Go to ‘Payinfo’, an integrated account information management service, and check whether an account or card has been opened that you do not know about.
Account information integrated management service – Payinfo
Account Information Integrated Management Service Payinfo
Payinfo – Shortcut
Go to Payinfo
Through the identity theft prevention service of the Korea Information and Communications Promotion Association, you can check whether your cell phone has been opened without your knowledge.
Identity theft-prevention service-homepage screen
Identity theft prevention service
Identity Theft Prevention Service – Homepage
Go to the identity theft prevention service website
Phishing-damage-main-contact
Key contact in case of phishing
4. Preventive measures to avoid falling for voice phishing
Voice phishing techniques are evolving day by day. New techniques not covered here today may appear again at any time. However, you need to be extra careful to avoid falling victim to even the current trend. We introduce ways to prevent it, so please check it out below.
Be especially careful when clicking links in texts and KakaoTalk with the [Web] mark at the top of the text. The [Web] mark is automatically displayed on text messages sent in bulk over the Internet. Normal non-voice phishing messages also show the [Web] mark, but voice phishing messages that are sent randomly in large quantities always show the [Web] mark, so we recommend that you be especially careful when pressing it and avoid pressing it as much as possible. Once infected with malicious code, the phishing criminal can access all information stored on the mobile phone, including all notes, all photos, and messages, and can remotely install programs necessary for hacking on the mobile phone infected with malicious code.
If you receive a phone call pretending to be an employee of a public institution, etc., after confirming the person’s position, department, place of work, etc., hang up first, and then find the phone number of the institution yourself and call to confirm the authenticity. In particular, be especially careful not to call the phone number provided by the phishing criminal at this time. Even the act of making a phone call can infect you with malware. (aka ‘farming’)
Just like text messages, e-mails impersonating public institutions may contain links to malicious code from phishing criminals, so be especially careful when clicking on them. Also, do not open e-mails or attachments from unknown sources and delete them.
Do not participate in indiscriminate Internet events such as sweepstakes. It can be a clue to handing over personal information to phishing criminals.
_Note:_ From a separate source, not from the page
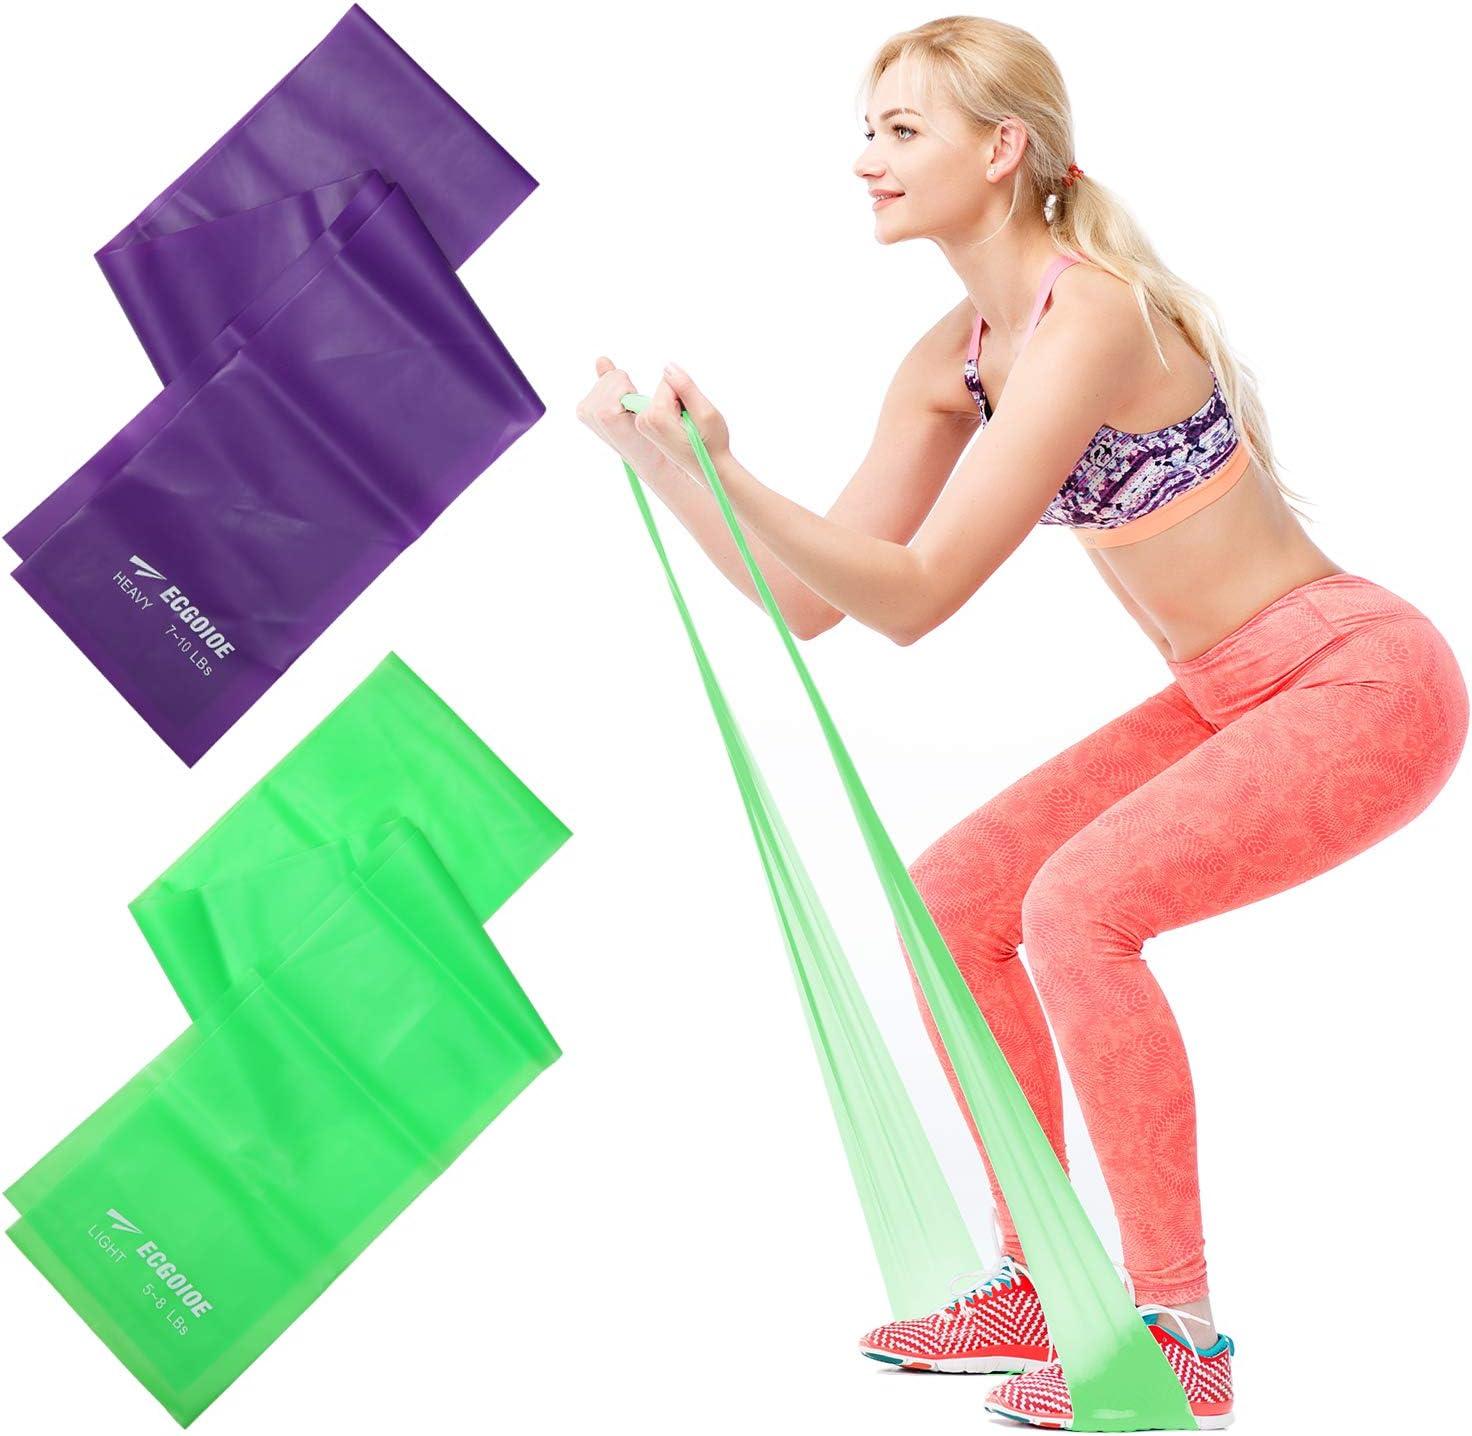 Strong Resistance Tube Band Set Yoga Sports Gym Home Exercise Workout-Orange

Be careful when leaving phone numbers and e-mail addresses on internet bulletin boards. (For example, there was a case where phishing criminals left their information on a job portal site, and then phishing criminals approached the victim with that information and used it as a voice phishing cash collection method to get in trouble.)
If you induce remittance through a message impersonating an acquaintance, be sure to check the authenticity of the phone call directly with that person. If you ask for a direct call, the phishers will say that you cannot make a call for one reason or another.
Be careful not to take a picture of your bank OTP security card and keep it on your smartphone.
PCs in public places such as PC rooms and libraries are vulnerable to security, so do not use them for online financial transactions.
Do not download and install executable files (*. apk files) with clear sources other than apps downloaded from authorized app markets such as Google Play, App Store, and Samsung Store on your smartphone.